KDUL-LP
- Duluth, Minnesota; United States;
- Channels: Analog: 12 (VHF);

Programming
- Affiliations: UPN, AIN

Ownership
- Owner: Duluth TV Partners, GP
- Operator: ESI Broadcasting

History
- First air date: September 14, 2000
- Last air date: August 31, 2001
- Former call signs: K60EZ (1992–2000)
- Former channel numbers: Analog: 60 (UHF, 1990s–2000)
- Call sign meaning: Duluth

Technical information
- Licensing authority: FCC
- Facility ID: 52444
- Class: TX
- ERP: 0.253 kW
- HAAT: 290 m (951 ft)
- Transmitter coordinates: 46°47′27.6″N 92°6′57.59″W﻿ / ﻿46.791000°N 92.1159972°W

Links
- Public license information: LMS

= KDUL-LP =

Television station in Duluth, Minnesota (2000–2001)

KDUL-LP (channel 12) was a low-power television station in Duluth, Minnesota, United States, which operated from October 2000 to August 2001. The station was owned by Duluth TV Partners and managed by ESI Broadcasting. KDUL-LP's office and master control were located in Fitger's Brewery Complex, a popular shopping and entertainment venue. Its transmitter was located on Duluth's Observation Hill.

==History==
KDUL-LP was originally K60EZ (channel 60), which carried a scrambled version of Nickelodeon as part of an eight-channel subscription TV service which operated between 1993 and 1998.

The existence of KDUL-LP was announced in Duluth in January 2000, with a planned April debut, as a UPN affiliate with additional programs from America One as well as a local show, The Average Guys, that had been airing on public-access television. The station was owned by Duluth TV Partners and managed by ESI Broadcasting, which owned television stations in multiple states and had acquired the license originally from Tiger Eye Broadcasting. KDUL-LP would have offices in the Fitger's Brewery Complex and a transmitter on a tower owned by Shockley Communications. The April date was missed, and a May 15 launch was promised; by July, critical equipment had yet to arrive. The secondary network had changed from America One to the American Independent Network. ESI also acquired W25CA in Ashland, Wisconsin, with plans to run the station from the KDUL-LP facilities.

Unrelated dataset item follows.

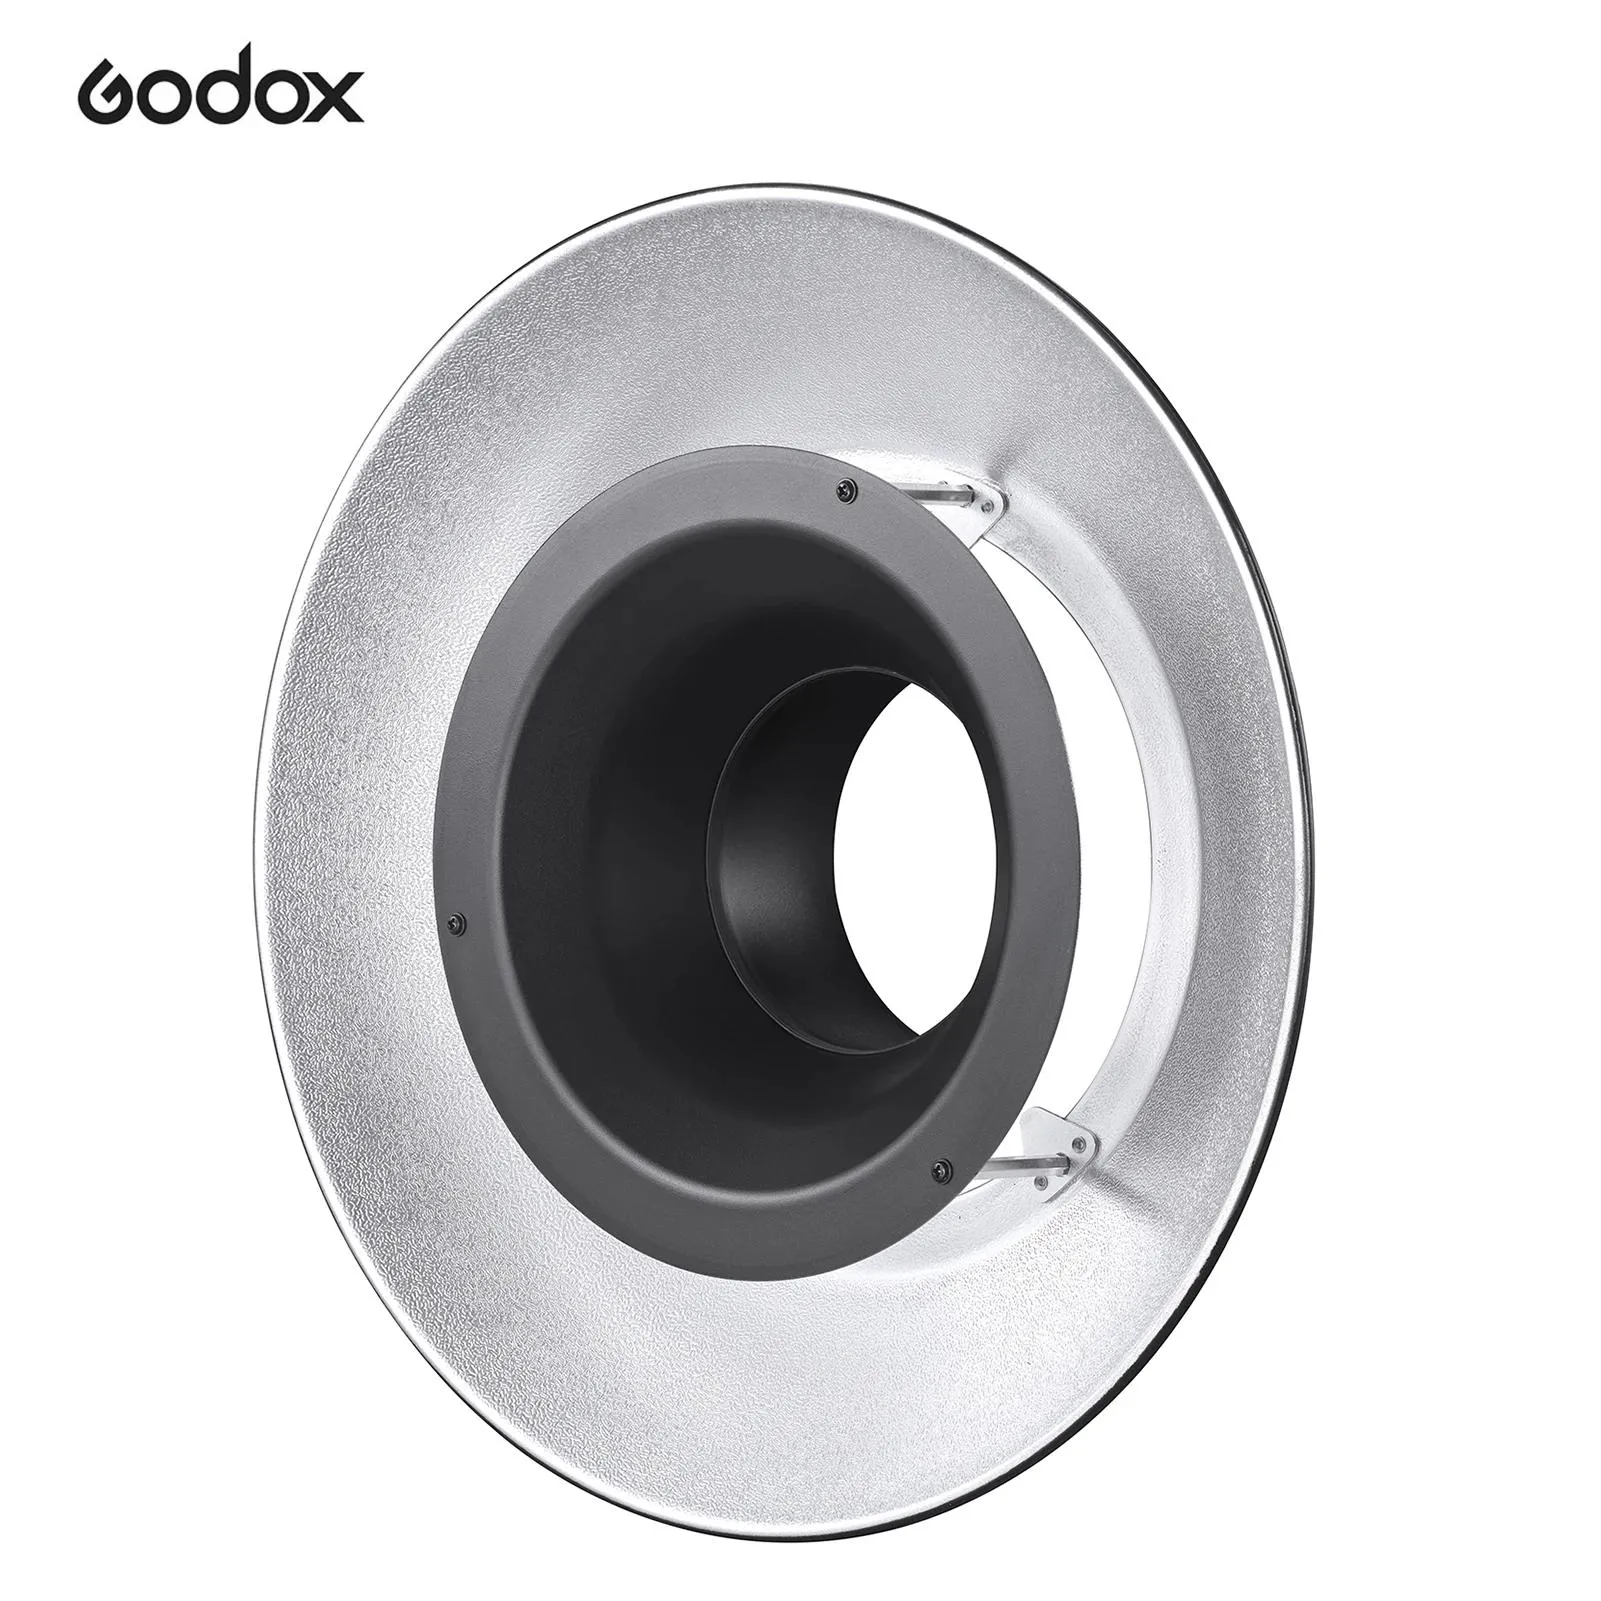 Materiale Godox Rft25s Riflettore con interni in argento per Godox R200 Ring Flash Head Photo Studio Accessori per fotografia all'aperto

KDUL-LP began broadcasting on September 14, 2000, at half power. It initially struggled to air the American Independent Network programs and broadcast at half power. When it debuted, KBJR-TV lost the ability to air new episodes of Star Trek: Voyager, and UPN programs on KMSP-TV on the local cable system were blacked out. ESI lacked the funds to fix all the technical problems, some of which stemmed from the studio's proximity to the radar of ships passing on Lake Superior. Additionally, cash flow was poor, as advertisers shunned the station due to its delayed start and reduced reach. By June 2001, the station had one employee and was in danger of leaving the air at the end of the month when its lease expired. ESI withdrew from its attempted purchase of the Ashland station. After July 1, the station was managed by the National Bank of Commerce.

KDUL ceased broadcasting on August 31, 2001, when the transmitter was turned off by Midwest Communications, which bought Shockley's Duluth radio operations. The studios were managed for another three weeks until a new tenant leased the space. KBJR resumed its secondary affiliation with UPN to air the new Star Trek: Enterprise. During its entire run on Channel 12, KDUL-LP operated under program test authority. The construction permit for Channel 12 was canceled after KDUL-LP went silent. The Federal Communications Commission (FCC) deleted KDUL-LP on May 15, 2008, nearly seven years after its last broadcast.